Problem requirements: In the records below, repeat exactly the lines between the line holding "B22A187:เก้าอี้ไม้ที่นั่งหุ้มหนังเทียม รุ่น Tanzania" and the line holding "village-828810_1920", inclusive, and drop the pictures.

Records for processing:
---
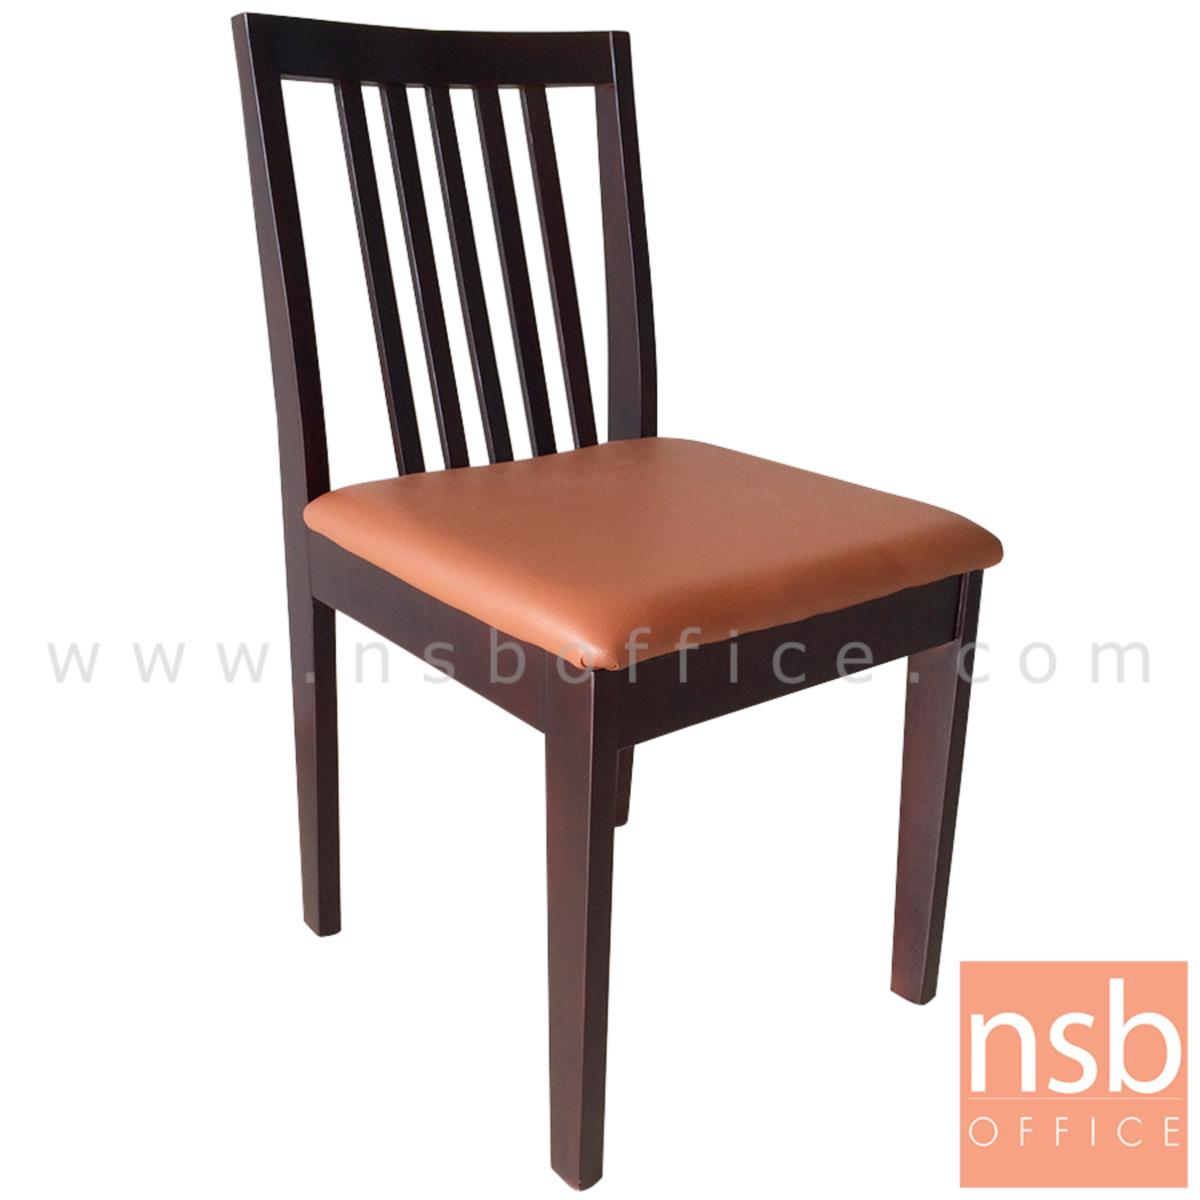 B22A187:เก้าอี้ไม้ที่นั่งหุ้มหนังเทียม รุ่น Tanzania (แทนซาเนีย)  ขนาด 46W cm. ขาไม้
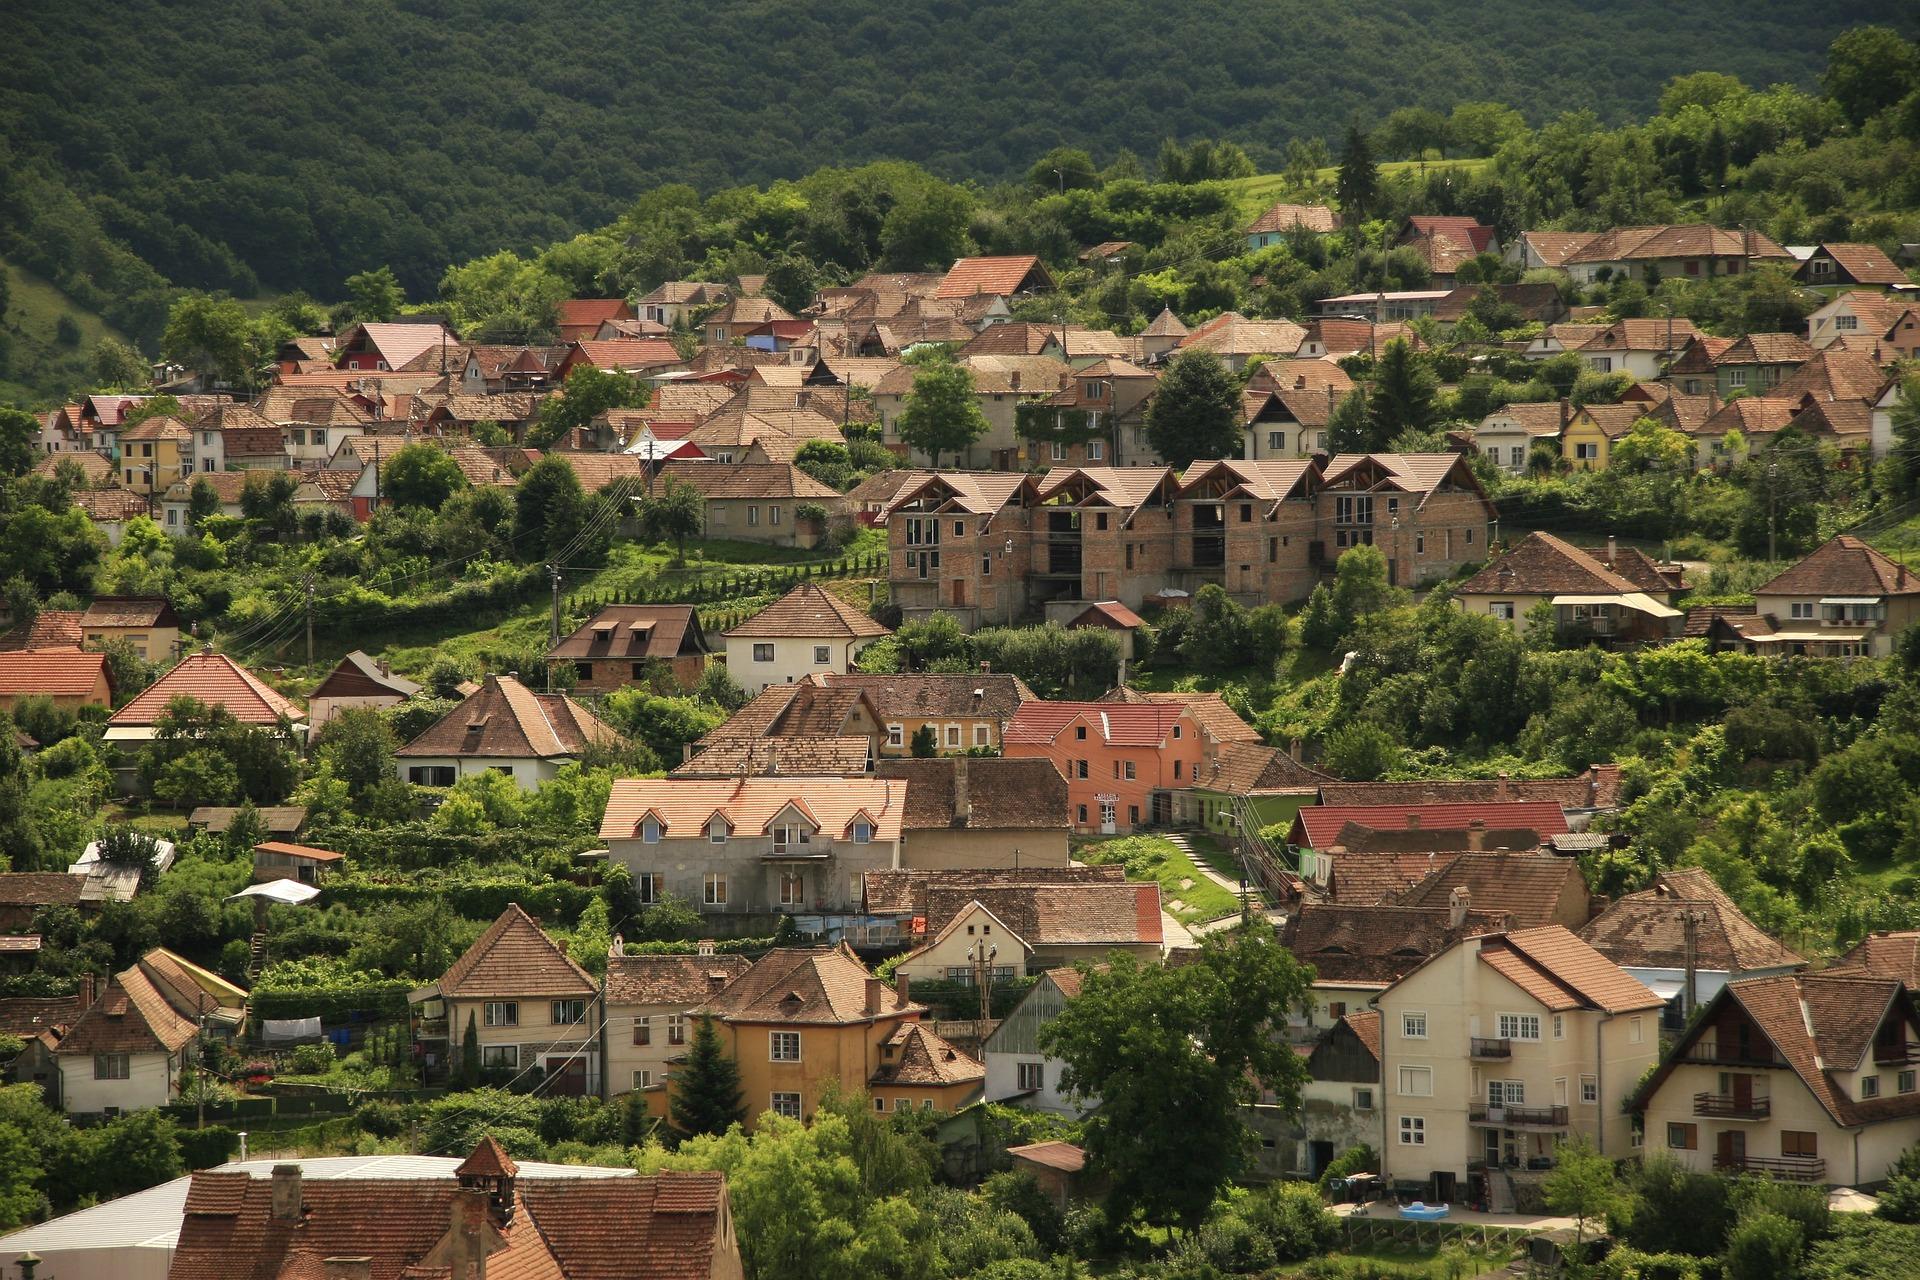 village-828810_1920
---
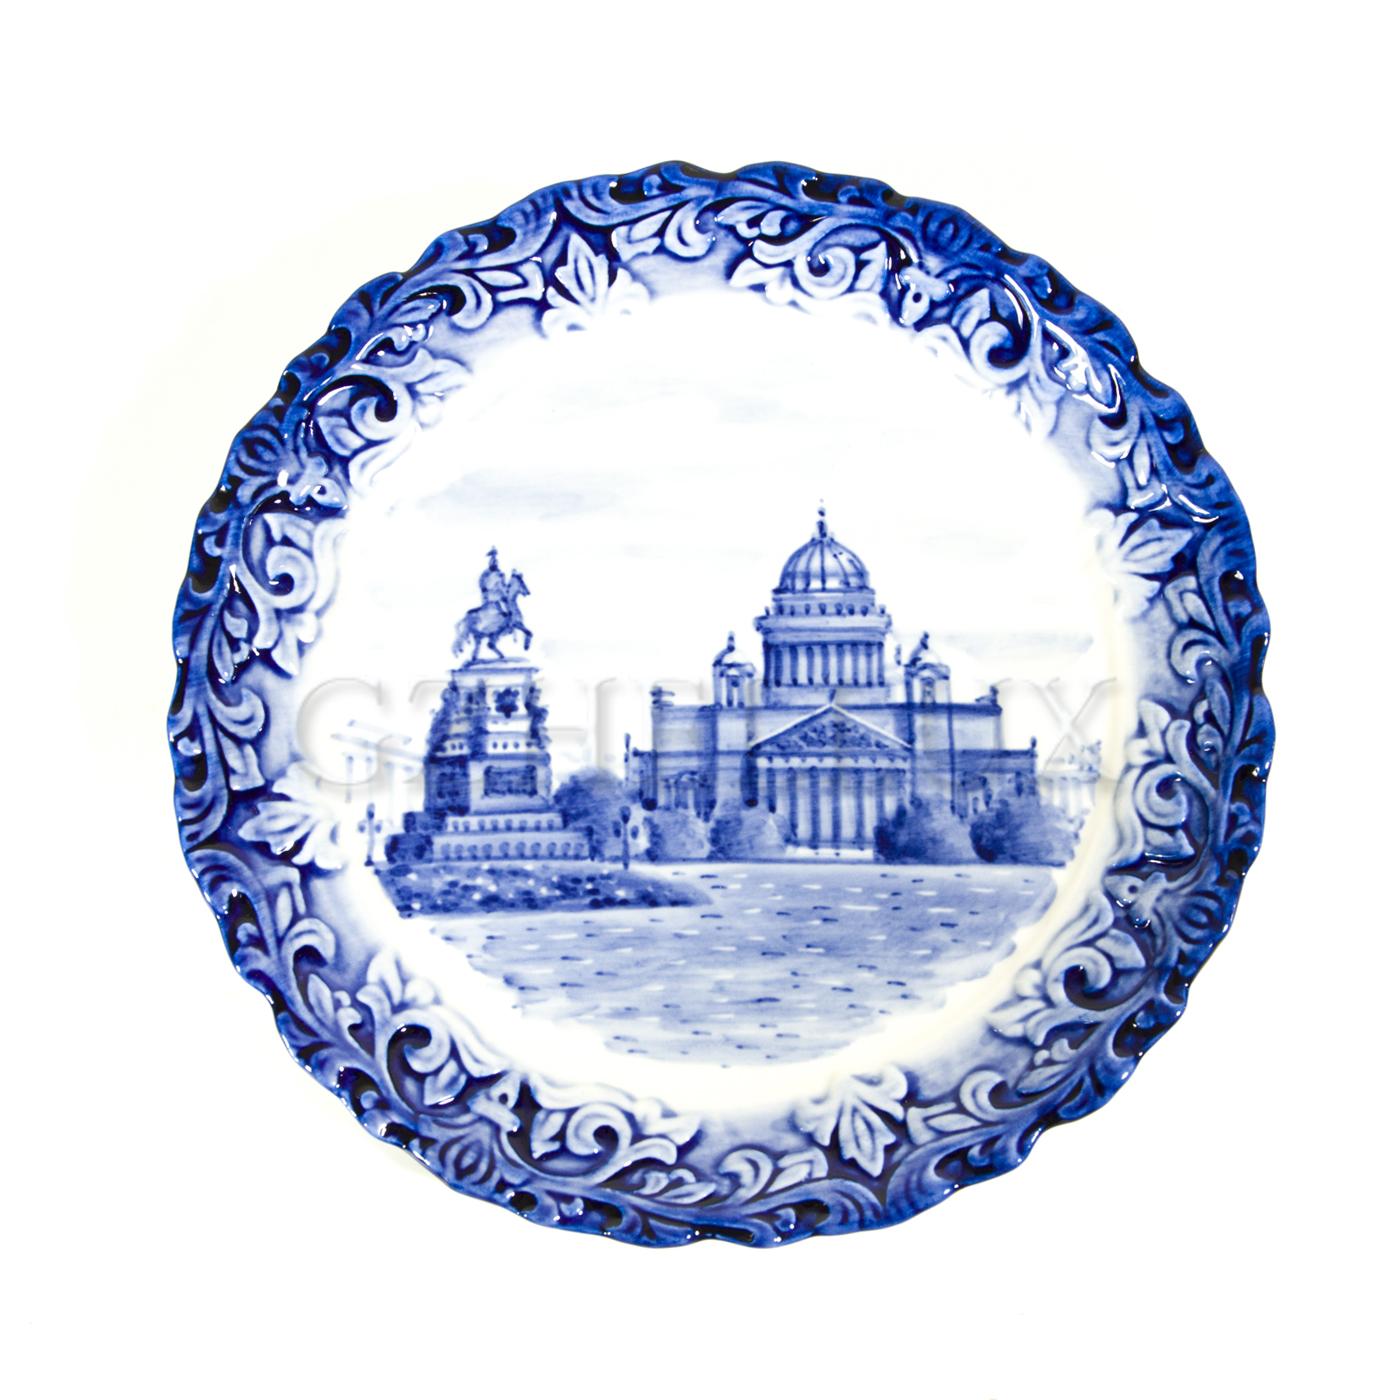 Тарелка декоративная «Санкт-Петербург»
---
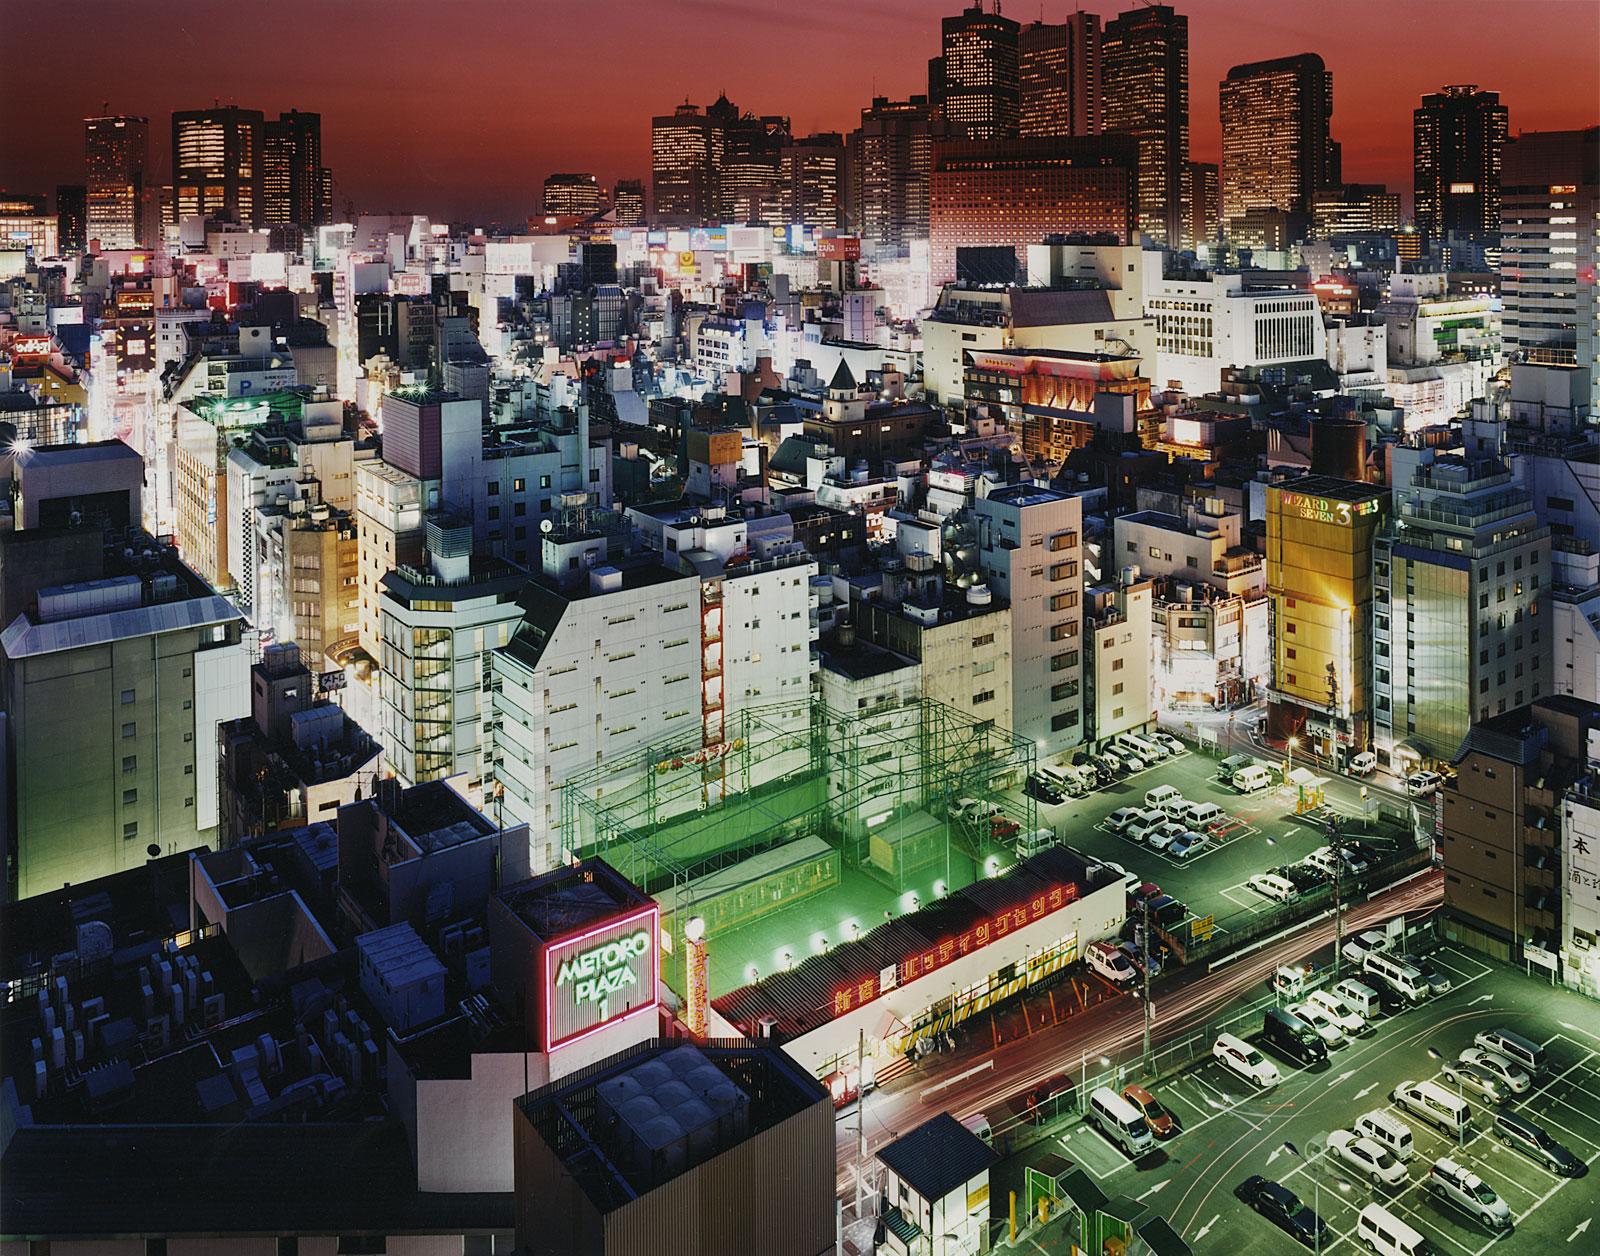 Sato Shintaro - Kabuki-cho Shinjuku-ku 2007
---
Solution:
 B22A187:เก้าอี้ไม้ที่นั่งหุ้มหนังเทียม รุ่น Tanzania (แทนซาเนีย)  ขนาด 46W cm. ขาไม้
 village-828810_1920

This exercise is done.